Лампу из снарядной гильзы с новым фитилем торжественно водрузили на стол.
— Вот теперь другое дело, — довольно потирая руки, сказал Братухин. — Сыграй-ка, Сима.
Купавин взял гитару.
— Эх, чавела! Плюньте Купавину в глаза, если мы завтра в наступление не пойдем!
— Клянусь, Сима, рискуешь, — предостерег его Марякин. — Нас целый батальон. Заплюем с ног до головы.
— Ха! Завтра Новый год. А кто мне скажет, что лучше: встречать Новый год в такой райской землянке, в тепле, при свете, за кружкой водочки, или идти в бой?
— Ишь ты, губа у тебя не дура.
— Значит, лучше встречать Новый год? — уточнил Сима.
— Конечно, оно приятнее.
— Вот так и немец рассуждает. А мы что должны делать? Отвечай, Братухин!
— Пьянствовать. Год-то какой? Последний военный год.
— Эх, голова! Что мы должны делать, Рожков?
— Должны мы в ночь под Новый год пойти в наступление, поскольку немцы не ждут... — зачастил Рожков.
— Слышали умные речи? Во, брат! Мал золотник, да дорог. Тараторит, как пулемет, зато соображает... — В восторге Сима поцеловал свои пальцы. — Настоящий цыган! А рекогносцировка? Абикен, когда бывает рекогносцировка?
— Когда сапсем близко перед боем.
— Во! И эх-та-та-та-та-та-та, — запел Сима, осторожно, медленно перебирая струны гитары. Но вот пальцы его заметались по грифу быстрее, резче зазвучали струны. Пел Сима сначала чуть тоскливую, потом радостную, обжигающе-огненную песню. И сам он весь двигался в такт песне, передергивал плечами, тряс головой, рассыпая на лоб кудри. И песне было тесно в нем, и гитара не могла рассказать что-то еще более бурливое и огневое, что кипело в Симиной душе, и казалось, что вот сейчас, сию минуту у Симы разверзнется грудь от этого неизбывного желания.

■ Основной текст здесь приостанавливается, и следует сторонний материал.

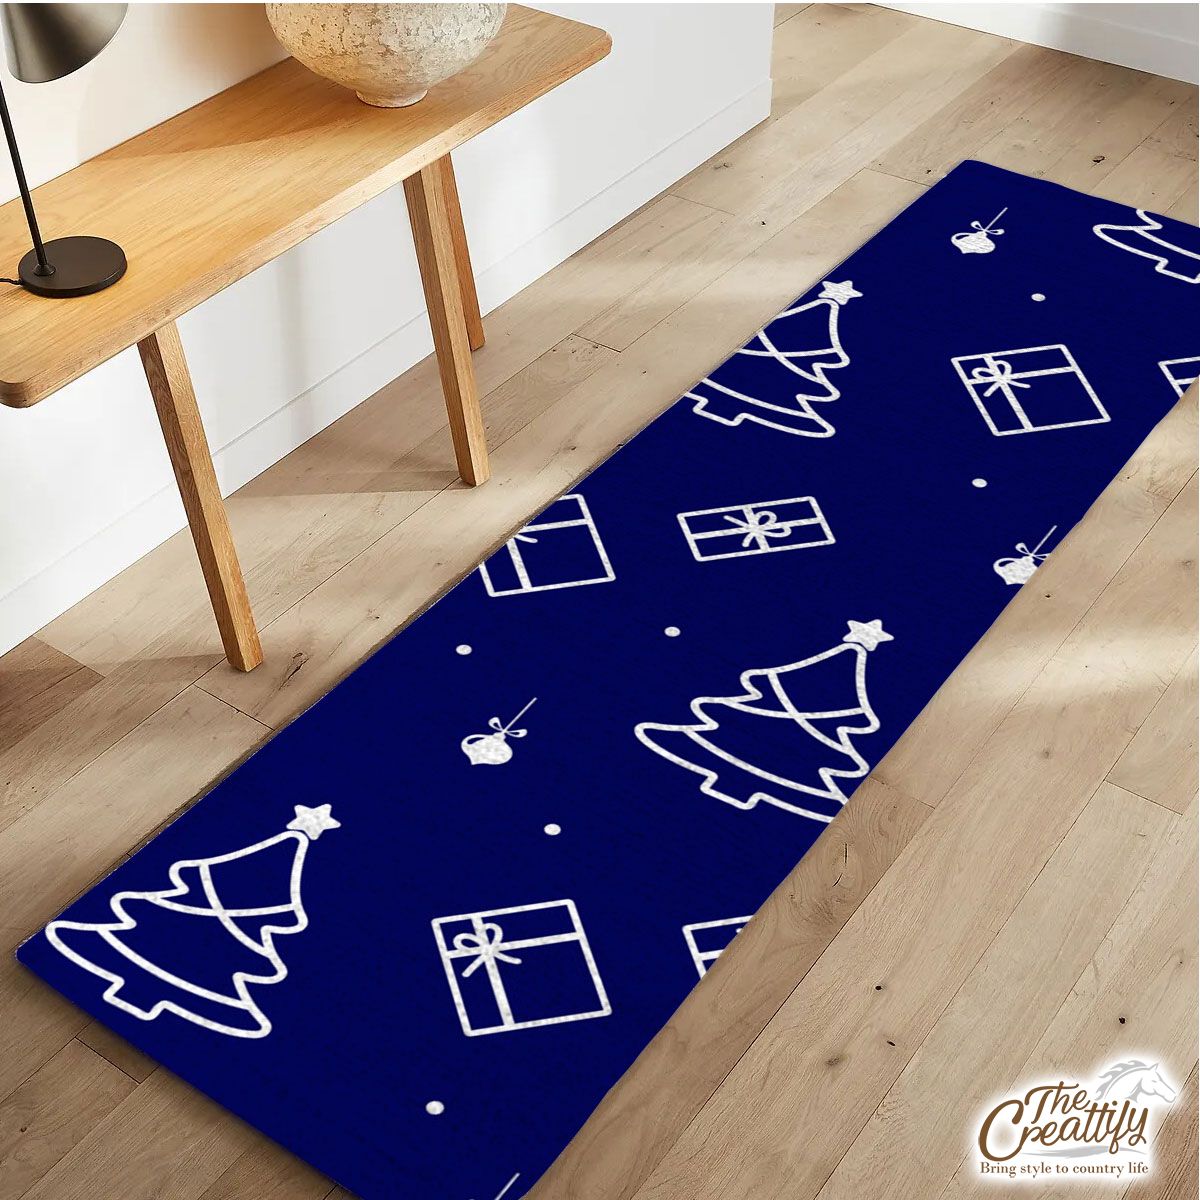 Blue And White Christmas Tree, Christmas Gift, Christmas Ball Runner Carpet

Но грудь у Симы не разверзлась. Неожиданно и резко положив ладонь на струны, он оборвал звуки. Завороженно глядевший на него Никита Вовк с неохотой отполз в глубь лежанки.

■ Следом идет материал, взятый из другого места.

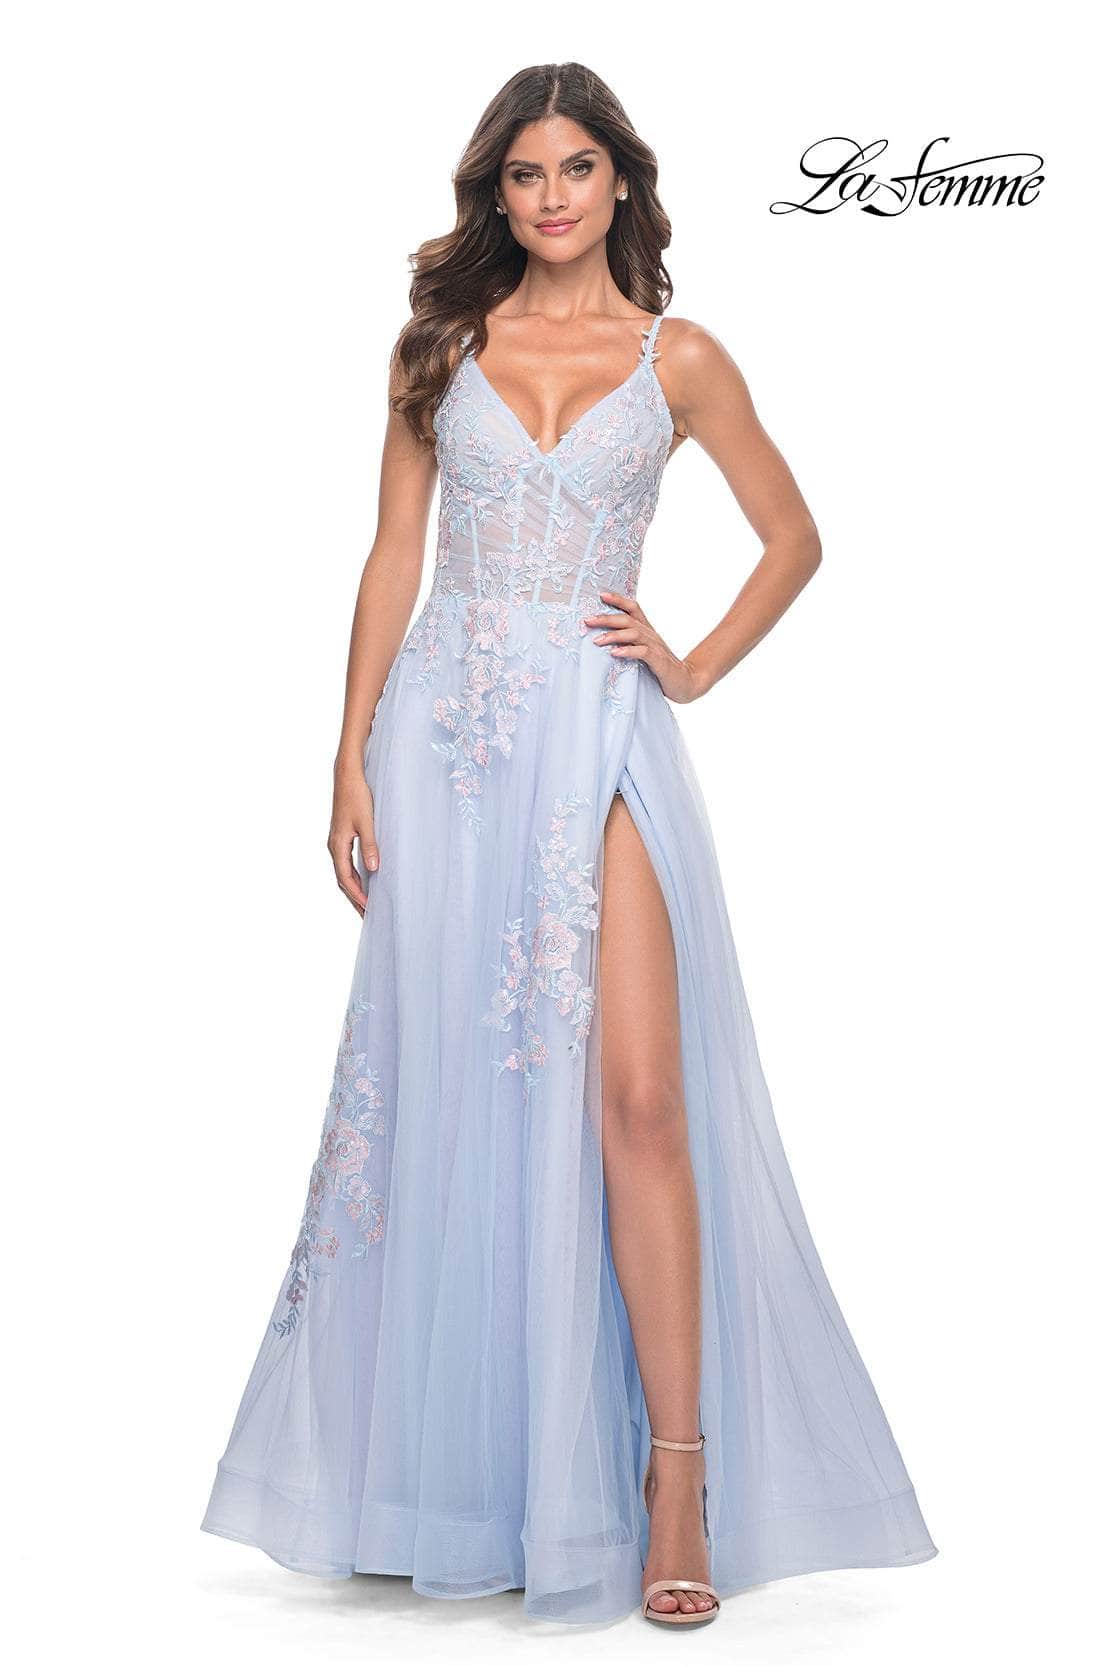 Image of La Femme 31939 - Tulle A-Line Prom Dress

— Значит, ты полагаешь, завтра пойдем? — переспросил Иван Иванович, усаживаясь поближе к Купавину и готовясь к большому серьезному разговору.

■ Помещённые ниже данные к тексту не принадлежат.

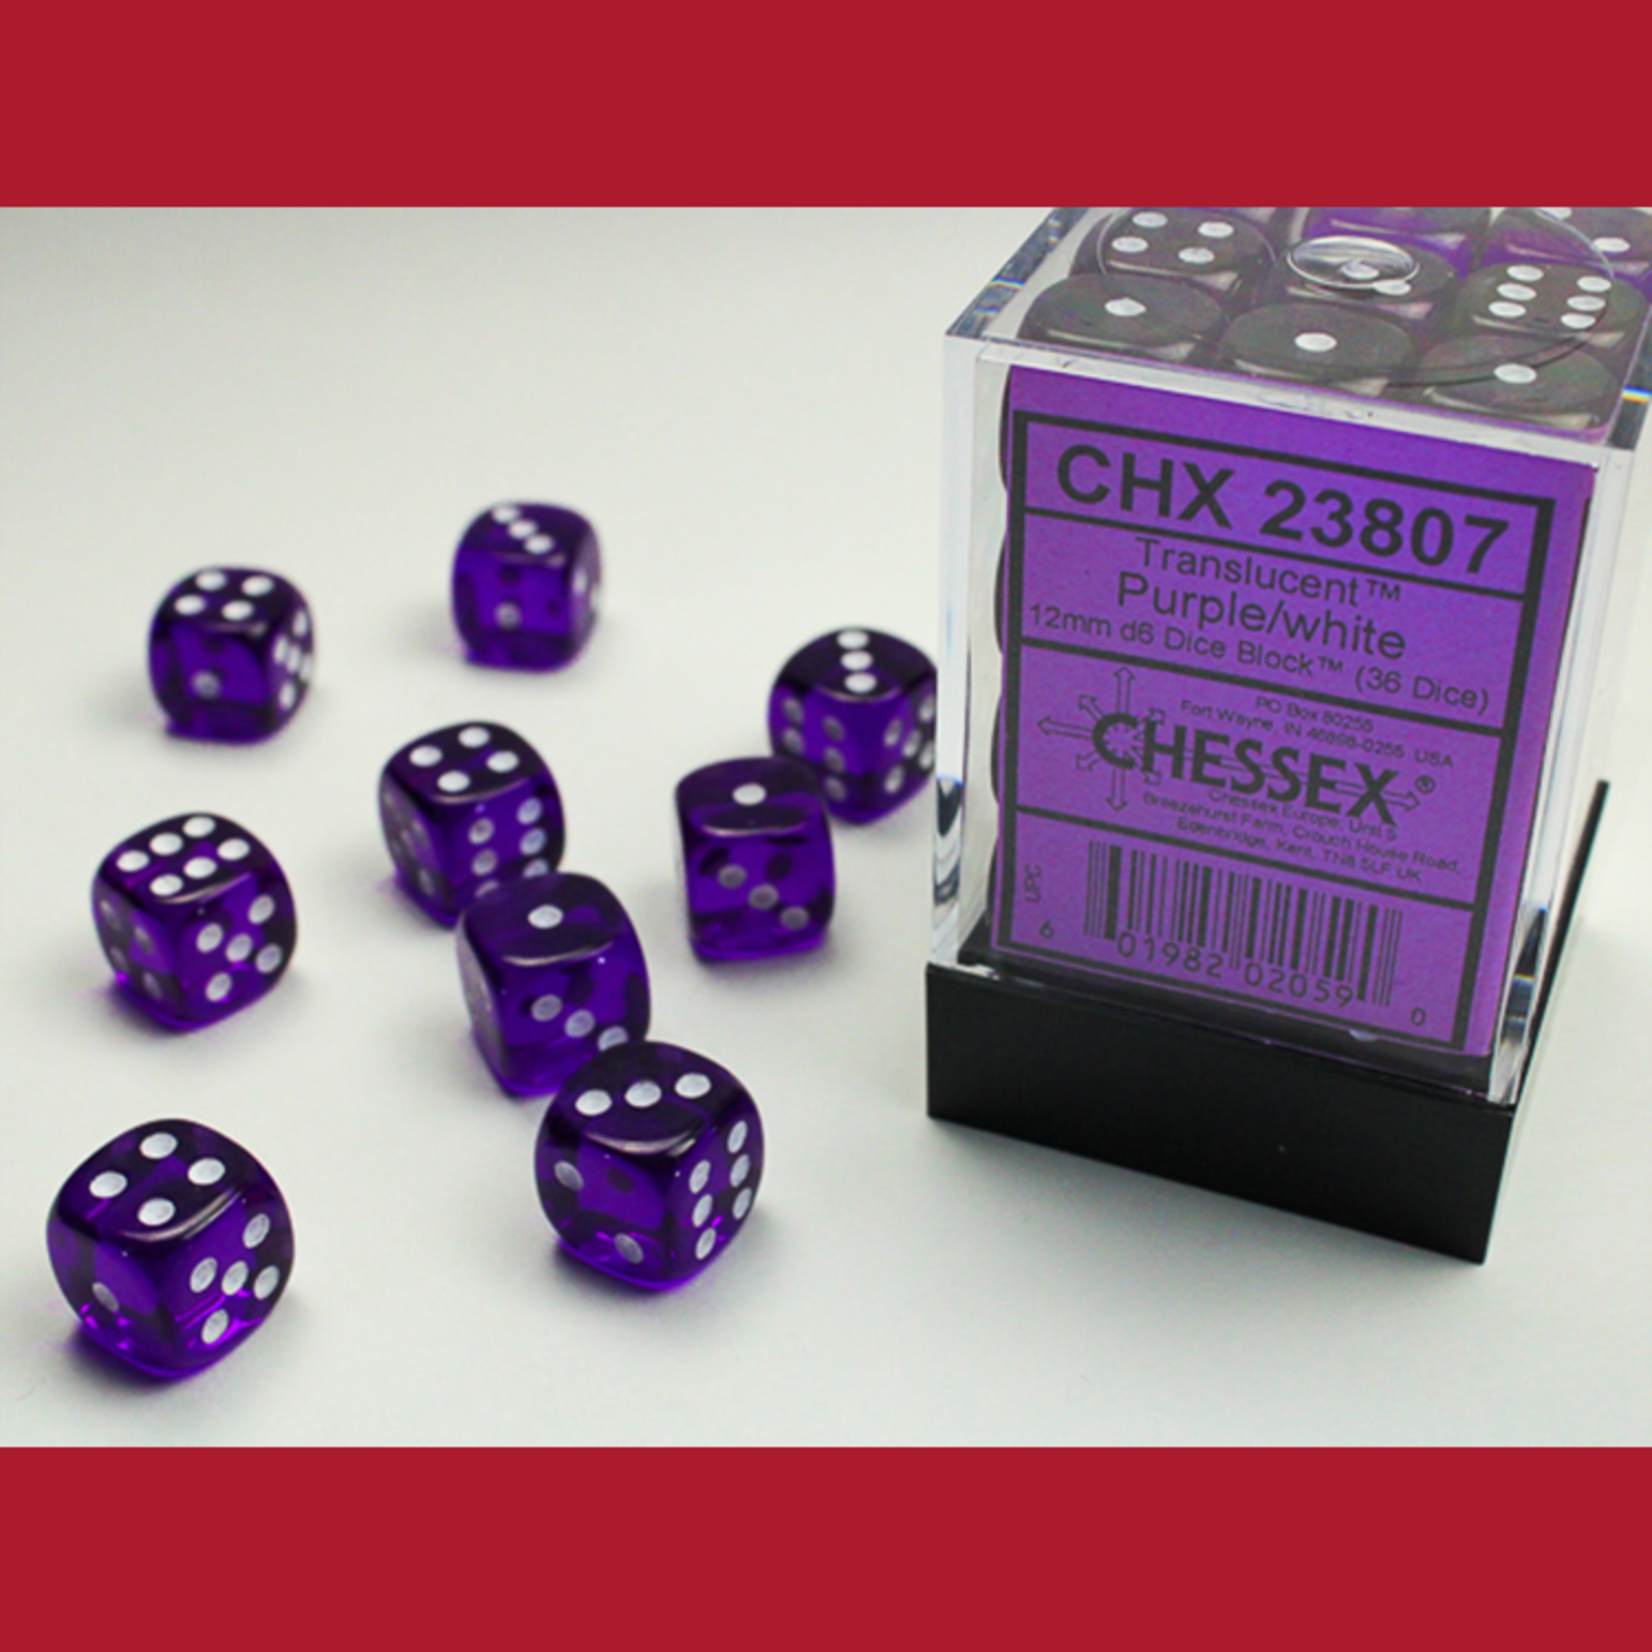 Chessex CHX 23807 Translucent Purple / White 12mm (36d6)

— Пойдем, отец, пойдем. «Смело мы в бой пойдем...» — запел Сима.
— И мы за вами, — замаршировал на постели Рожков.
— А ну сядь, огурец малосольный! — гаркнул на него Иван Иванович. Повернулся к Симе: — А что, тут правда есть. Взять хотя бы технику. Изучили мы ее вдоль, а уж на прошлой неделе вроде и поперек начали; то же, только с другого краю...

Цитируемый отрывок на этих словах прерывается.